Mudança deve diminuir dificuldades e desafios das mulheres
“Aqui no Nordeste tem muitos lugares que fazem a colposcopia, mas não a biópsia, e as mulheres têm que colher duas vezes o exame. Outra vantagem é que o teste do HPV permite fazer a auto coleta, o que vai facilitar para pessoas que não conseguiam ir aos postos de saúde, porque o horário não era acessível”, revela.
“Têm locais em que a parte preventiva só funciona uma vez na semana por duas horas.

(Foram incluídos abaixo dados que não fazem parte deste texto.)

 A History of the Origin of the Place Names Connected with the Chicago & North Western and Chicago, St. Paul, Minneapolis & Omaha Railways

Ouvimos histórias, por exemplo, de mulher que foi 14 vezes para tentar colher o preventivo e não conseguiu – quando chegou lá ou não era dia de exame, ou tinha reunião, era a hora errada, estava faltando material…”.

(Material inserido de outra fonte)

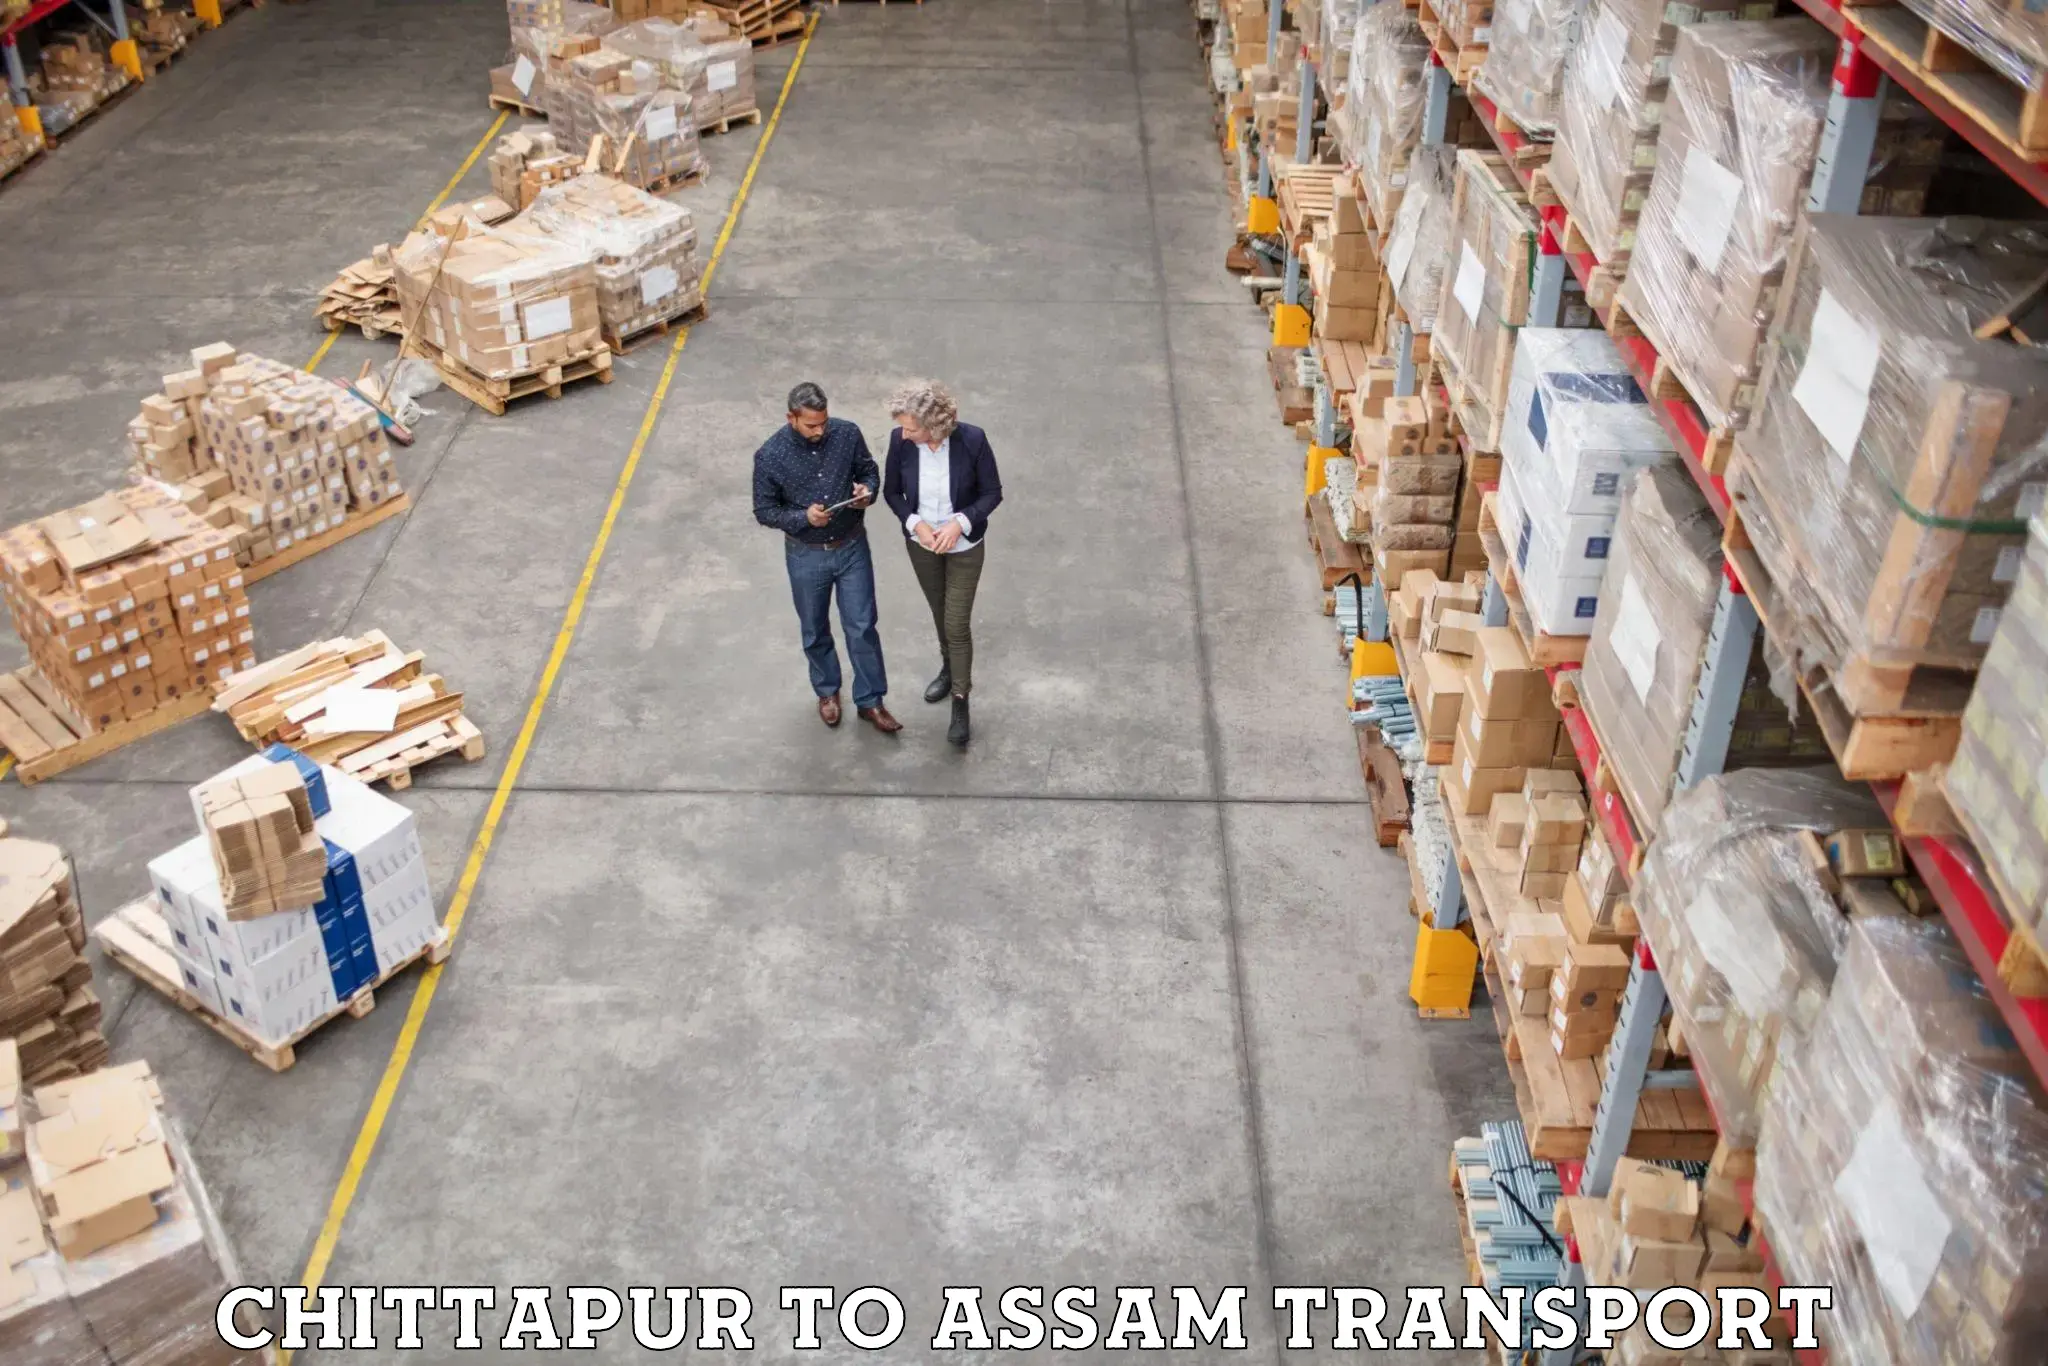 Daily parcel service transport Chittapur to Nagaon

A coordenadora do programa Útero é Vida cita inclusive casos de mulheres em vulnerabilidade social que precisaram pagar pela biópsia. “Pagaram quando estavam sangrando, com muita dor. Situações em que a patroa pagou ou as pessoas da família e amigos se mobilizaram para ajudar. Pagaram para ela ter acesso ao diagnóstico, ao cuidado de saúde”.
“Com essas barreiras, nós ‘expulsamos’ essas mulheres de um sistema organizado de serviços que nós temos, com vacina e colposcopia”
Jurema Telles de Oliveira Lima, coordenadora do programa Útero é vida
Não basta ter a vacina e o exame: é preciso chegar nas mulheres
“Temos a vacina há 10 anos e nunca conseguimos a cobertura vacinal”, lamenta a especialista. “O rastreio organizado diz que não adianta só fazer o teste: tem que mobilizar a sociedade; educar os profissionais e a própria comunidade, e ter multiplicadores dessa informação”.
O projeto Unidos pela Vacina HPV e Prevenção do Câncer tem papel essencial para vencer essa barreira. “Muitas mulheres morrem de uma doença que não precisava ser assim, passam por um sofrimento desnecessário. Vemos tantos casos que chegam com câncer avançado. Essas mulheres muitas vezes não têm voz, então nós procuramos ser a voz delas.
Temos que nos preparar para aumento de quase 100% dos casos de câncer, no geral, até 2040, e a melhor forma de cuidar de todos é a prevenção”, pondera, reforçando que não tem nada mais prevenível, com o conhecimento que temos hoje, exames e vacina que já estão sendo disponibilizados, do que o câncer de colo de útero.
“Esse trabalho de conscientização e prevenção está ligado à história e ao DNA do Instituto Vencer o Câncer, e com campanhas e iniciativas como essa poderemos ter a primeira geração livre deste câncer”, afirma Jurema Lima.
O Instituto Vencer o Câncer é uma Organização da Sociedade Civil de Interesse Público (OSCIP), fundada pelos oncologistas Dr. Antonio Carlos Buzaid e Dr. Fernando Cotait Maluf, com atuação em 3 pilares: (1) Informação de excelência e educação para prevenção do câncer. (2) Implementação de centros de pesquisa clínica para a descoberta de novos medicamentos. (3) Articulação para promoção de políticas públicas em prol da melhoria e ampliação do acesso à prevenção, ao tratamento e à cura do câncer.